December 16, 2016
TSG IntelBrief: The Conviction of an American Terrorist
On December 15, eighteen months after the domestic terror attack at the Emanuel African Methodist Episcopal Church in Charleston, South Carolina that killed 9 worshippers, a federal jury found the defendant guilty on all 33 charges. The defendant, now-convicted racist mass murderer Dylann Roof, will face a sentencing phase in January to determine if he will receive life imprisonment or the death penalty. He also faces state charges stemming from the same crime. The difference between the effective civilian federal trial in what was one of the worst domestic terrorism cases of recent years and the military commissions at Guantanamo Bay related to the September 11, 2001 terror attacks could not be greater. In the fifteen years since the September 11 attacks, U.S. civilian courts have successfully prosecuted hundreds of terror and hate crime cases, while the trials in Guantanamo are nowhere near resolution.

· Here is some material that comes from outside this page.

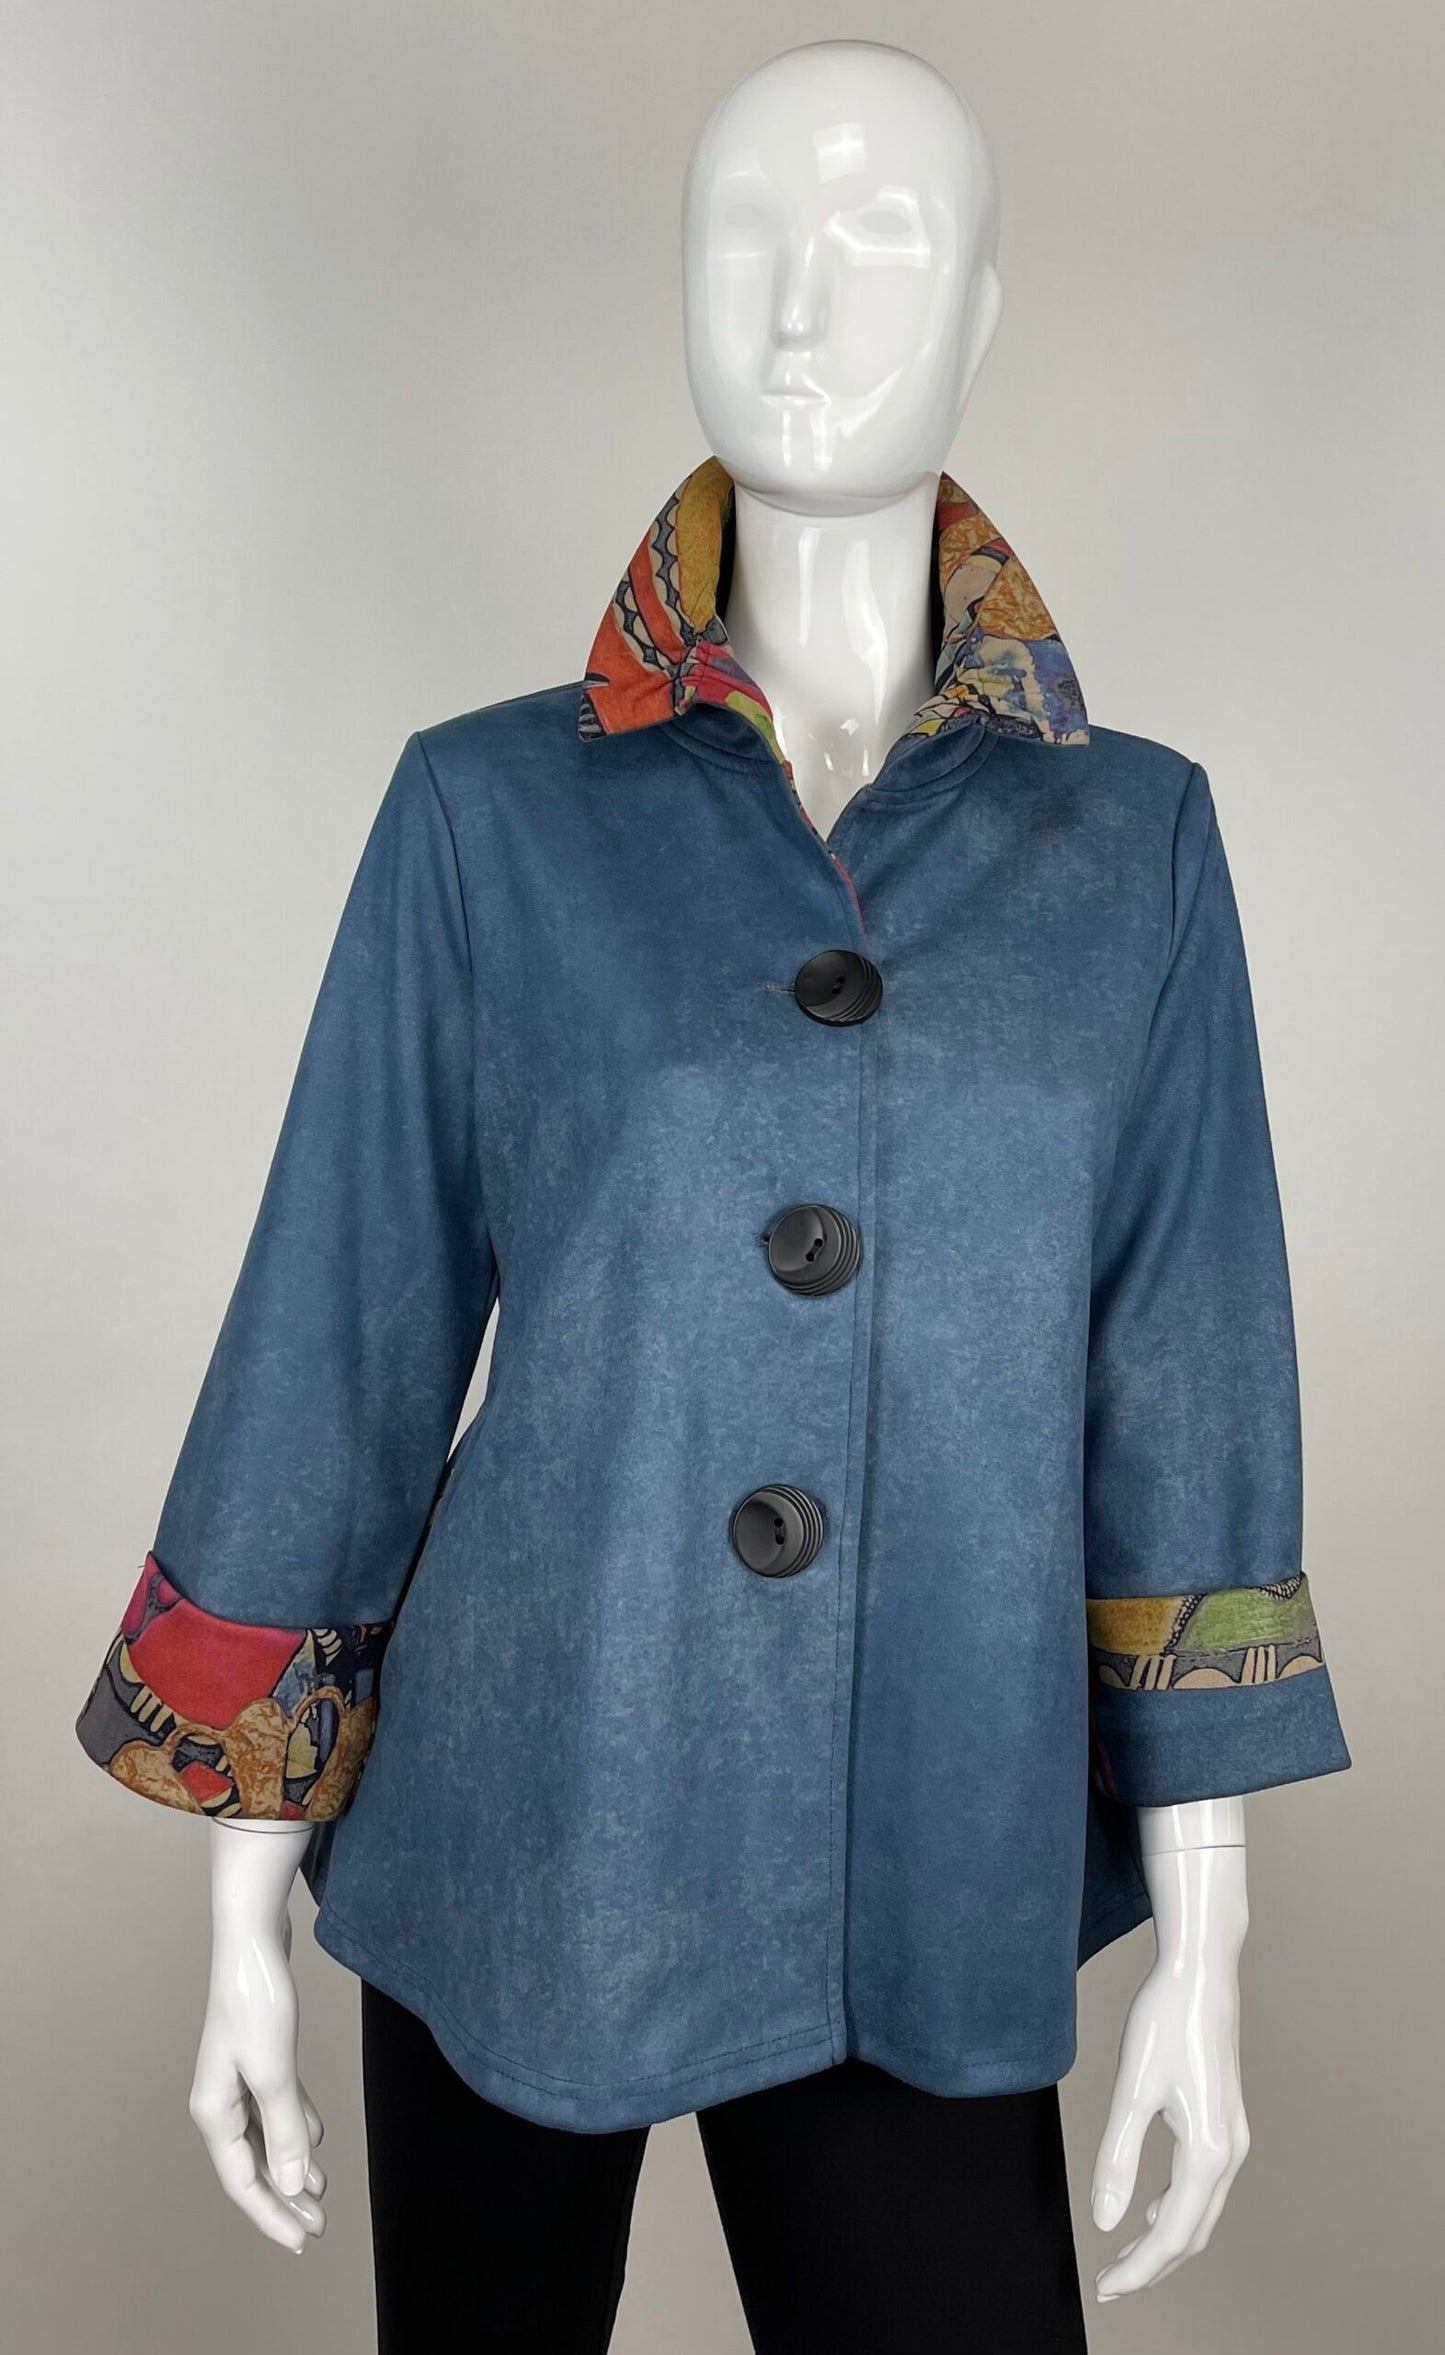 Blue Jacket With Patterned Details

Since the rise of the so-called Islamic State in the summer of 2014, there has been an understandable focus on the online propaganda the group has produced. The Islamic State has utilized a propaganda strategy centered on crowdsourcing its messaging, often spreading false yet compelling narratives created by supporters, which has amplified the group’s attempts at a deadly form of branding. Over the past several years, a similar form of polished and ubiquitous messaging has been generated by domestic hate and extremist groups in the U.S. The parallels between Dylann Roof’s white supremacist terrorism and the terrorism of groups like the Islamic State and al-Qaeda are as troubling as they are ignored by the American media.
Whenever there is an attack by someone of Middle Eastern descent—U.S. citizenship notwithstanding—the national debate immediately becomes one of inspiration versus direct affiliation, as investigators work to determine how the suspect was radicalized and whether he identified or conspired with a known extremist group. Dylann Roof stated he used the Internet to fuel his radicalization towards violent extremism, though instead of visiting Islamic State forums to read about a non-existent ‘clash of civilizations’, he visited white supremacist websites and read white supremacist propaganda about a non-existent ‘race war’. Instead of obsessing and then killing in the name of an ultraconservative Islamist-only caliphate, Roof agitated and then murdered in the name of a white-only national homeland. Instead of waving the black flag of the Islamic State, he photographed himself carrying a gun and the confederate battle flag; investigators also found a white KKK hood in his house.
After the Charleston shootings, investigators worked diligently to determine if there were others involved. Yet the national debate over how Roof was radicalized and by who was nowhere near the level of the debate following the terror attacks in San Bernardino and Orlando. Dylann Roof himself stated clearly and repeatedly his racist motivations for the attack—more so than the killers in the aforementioned Islamic State-inspired attacks. The clear double standard of what acts are labeled terrorism and how the public reacts to them stems from a focus on threats deemed to be foreign, at the expense of similar—and possibly greater—threats far closer to home.